The best way to understand DocBook is to simply try out a sample file. You can see how the same DocBook file can be used to generate different output formats.

Use a text editor and prepare the file sample.xml with the following lines in it:

<?xml version="1.0"?>
<!DOCTYPE article PUBLIC "-//OASIS//DTD DocBook XML V4.2//EN"
"http://www.oasis-open.org/docbook/xml/4.2/docbookx.dtd">
<article>
  <articleinfo>
    <title>Sample DocBook</title>
  </articleinfo>
  <para>This is a sample DocBook article that illustrates 
        some simple DocBook XML tags.
  </para>
  <sect1>
    <title>Section 1</title>
    <para>Paragraph 1 of section 1</para>
    <sect2>
      <title>Section 1.1</title>
      <para>Paragraph 1 of section 1.1</para>
      <para>Paragraph 2 of section 1.1</para>
    </sect2>
    <sect2>
      <title>Section 1.2</title>
      <para>Paragraph 1 of section 1.2</para>
    </sect2>
  </sect1>
  <sect1>
    <title>Section 2</title>
    <para>Second high-level section in this article
    </para>
  </sect1>
</article>

After you save the sample.xml file, you can use the xmllint utility to check if all the XML tags in the file are correct. Type the following command to check the syntax of the sample.xml file:

xmllint --valid --noout sample.xml

If everything is okay, the utility should print nothing.

Now, you can convert the sample.xml file into HTML and view it in a Web browser.

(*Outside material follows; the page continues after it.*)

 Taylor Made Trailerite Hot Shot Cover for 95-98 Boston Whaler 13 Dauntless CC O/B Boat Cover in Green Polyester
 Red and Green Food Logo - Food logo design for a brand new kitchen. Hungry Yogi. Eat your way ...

To perform this task, type the following commands:

export DBS="/usr/share/sgml/docbook/xsl-stylesheets-1.58.1-1"
xsltproc -o sample.html $DBS/html/docbook.xsl sample.xml

The first command defines the DBS environment variable as the directory where the XSL stylesheets for DocBook are located in Red Hat Linux. The second command runs xsltproc with appropriate options to convert the sample.xml file into sample.html.

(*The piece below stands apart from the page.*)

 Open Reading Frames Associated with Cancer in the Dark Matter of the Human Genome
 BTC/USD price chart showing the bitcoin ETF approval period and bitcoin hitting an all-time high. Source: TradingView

Now, you can open the sample.html file in Mozilla and see how the document looks. Figure 11-7 shows the sample.html file in Mozilla.

Click To expand
Figure 11-7: Displaying HTML Version of Sample DocBook in a Web Browser.

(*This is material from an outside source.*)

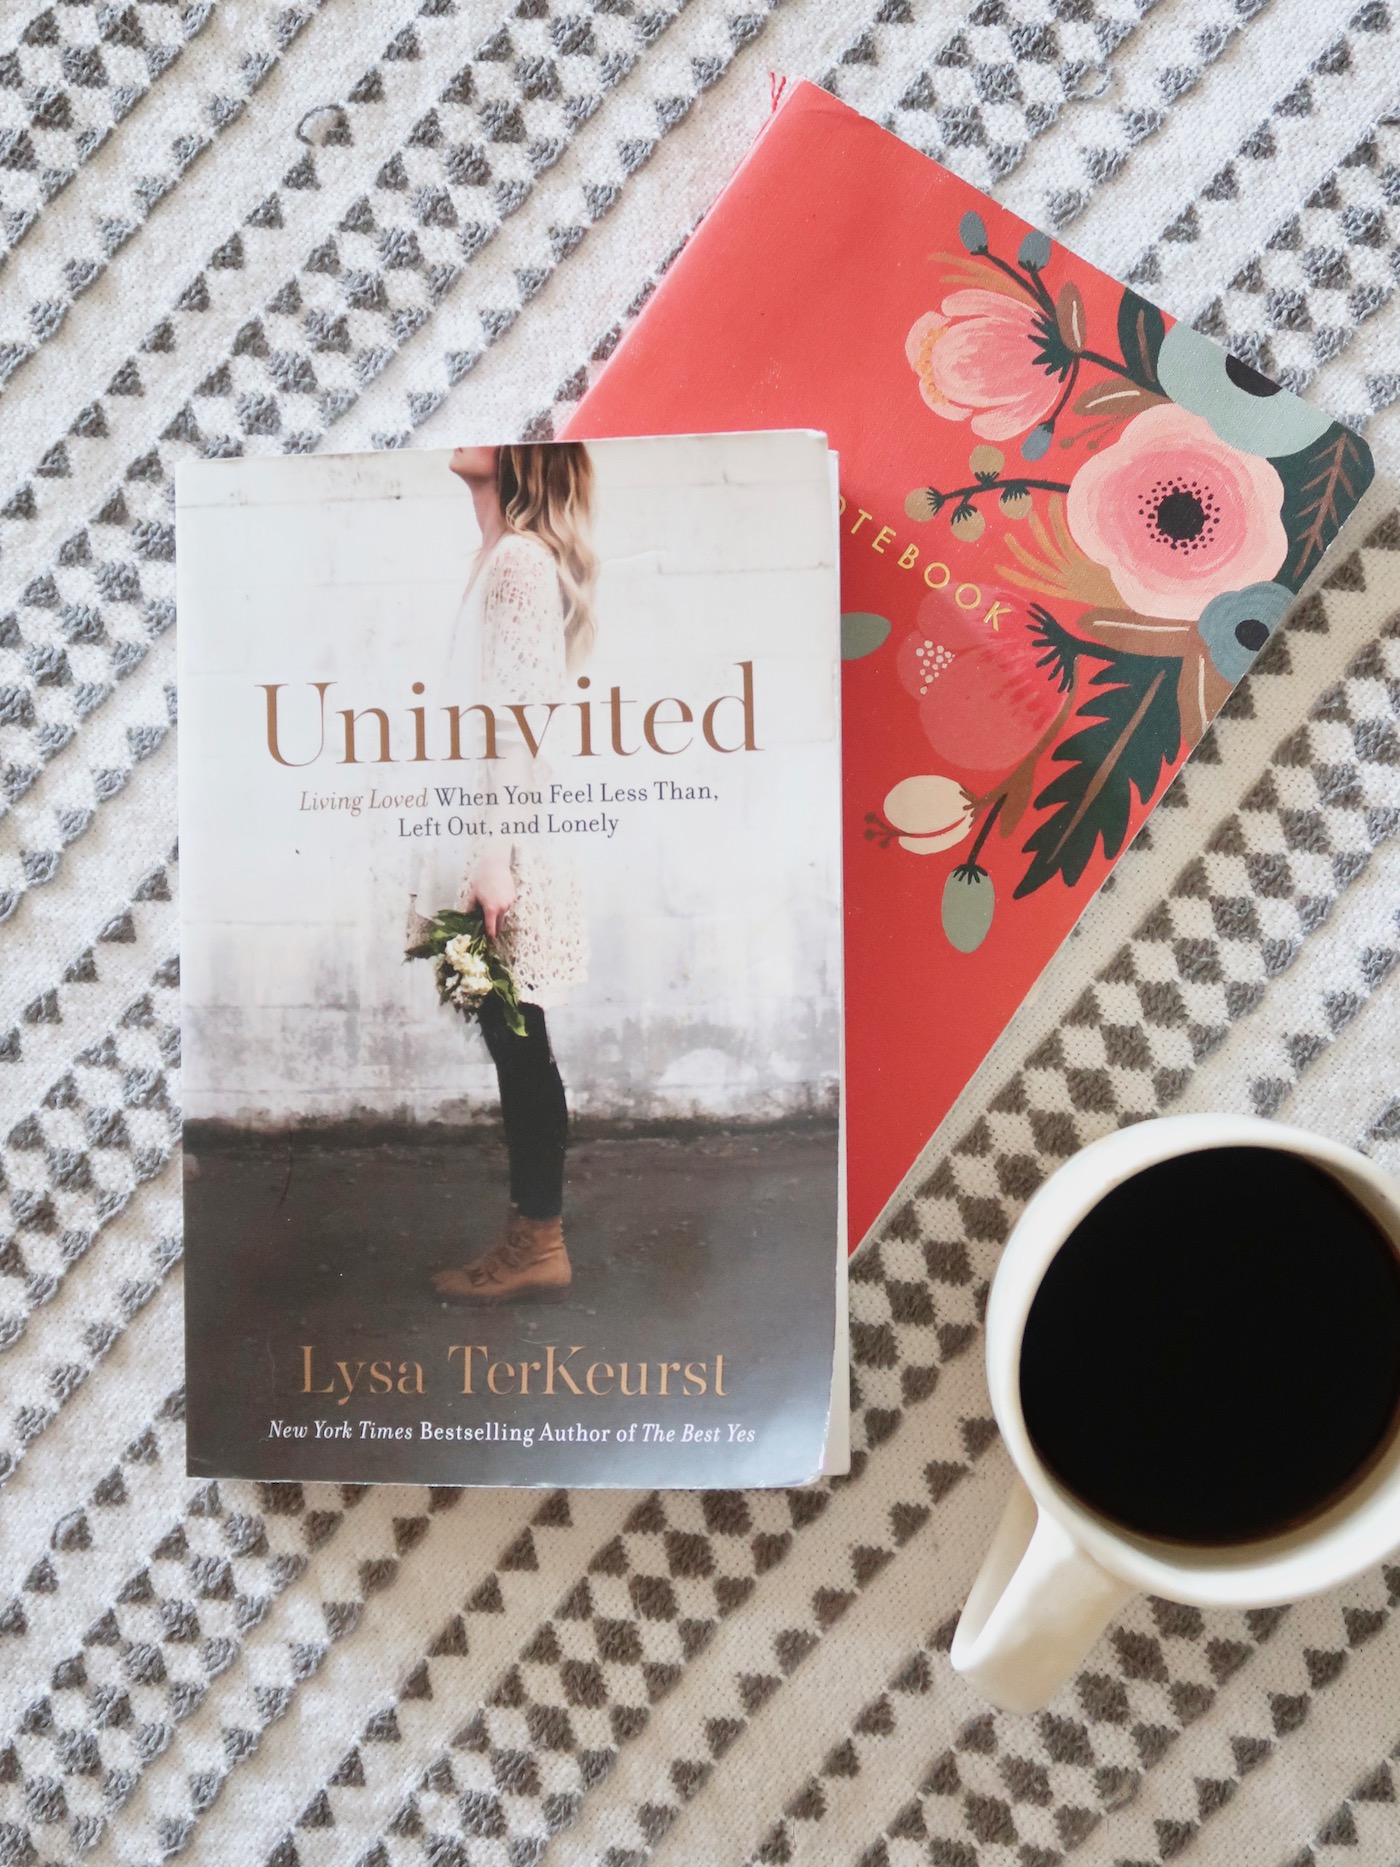 Uninvited by Lysa Terkeurst. Highly recommend! // www.thehiveblog.com

As Figure 11-7 shows, the DocBook is converted into a single HTML file with a table of contents at the beginning of the document. The table of contents includes links for each section and subsection.

You can also create a set of linked HTML files, one for each section. This is called chunked HTML because each section becomes a chunk. To create chunked HTML files from the sample.xml DocBook, type the following command (I assume that you still have the DBS environment variable defined as shown earlier in this section):

xsltproc $DBS/html/chunk.xsl sample.xml

This generates an index.html file and separate HTML files for the other chunks (sections). Figure 11-8 shows the HTML chunk for section 2 of the sample DocBook.

Click To expand
Figure 11-8: Chunked HTML Version of DocBook.

The chunked HTML output is widely used for many open source documentation, so Figure 11-8 should look familiar to you. Note that each HTML chunk contains Next, Prev, and Up links to go from section to section and go back to the first page.

Examining the Sample DocBook File

If you examine the sample.xml file, shown in the “Trying out a Sample DocBook” section, you should note the following points:

  • All XML DocBook tags are in lowercase. Because XML is case sensitive, you must type all tags in lowercase.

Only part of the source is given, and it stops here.